Researchers discovered that when rain and dew collect on the plant, microscopic bumps and ridges pull the water into a film that sticks to the legs of insects. The bugs struggle for traction and end up swimming — and falling.

In 2011, Joanna Aizenberg, an engineer at Harvard University, US, and her colleagues created materials with pitcher-plant patterns on their surface, and these turned out to be slippery as well. A company co-founded by Aizenberg sells coatings that keep sticky fluids from clogging pipes and paints that repel barnacles from ship hulls.

RIPPLE BUG BOTS

• Ripple bugs zip around on the surface of streams, thanks to fanlike hairs on their feet.
• Following a similar principle, engineers have designed a robot that walks on water.

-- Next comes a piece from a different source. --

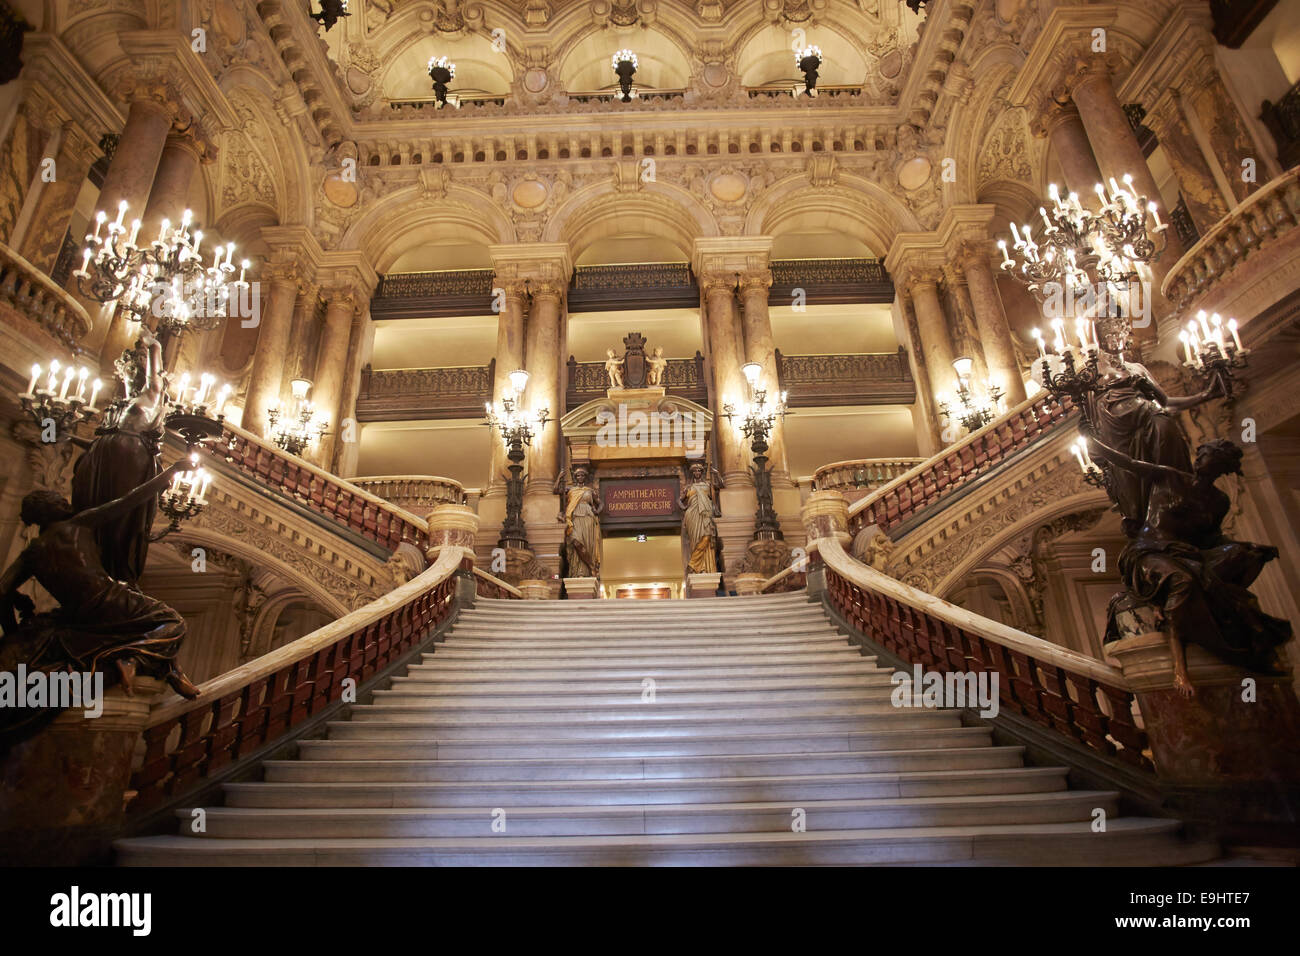 Opera Garnier stairway, luxury interior in Paris Stock Photo

Ripple bugs are about the size of a grain of rice. They float on the surface of streams by spreading out their legs across the water — but they can also move with astonishing speed, roughly 120 body lengths each second. At a human scale, that would translate to 644 kmph.

The secret lies at the end of the middle pair of legs. When a ripple bug dips them into the water, surface tension causes stiff fronds at the ends to fan out in just 10 milliseconds, and the fans become oars. At the end of each stroke, when the insect lifts these oars from the water, the fans snap shut.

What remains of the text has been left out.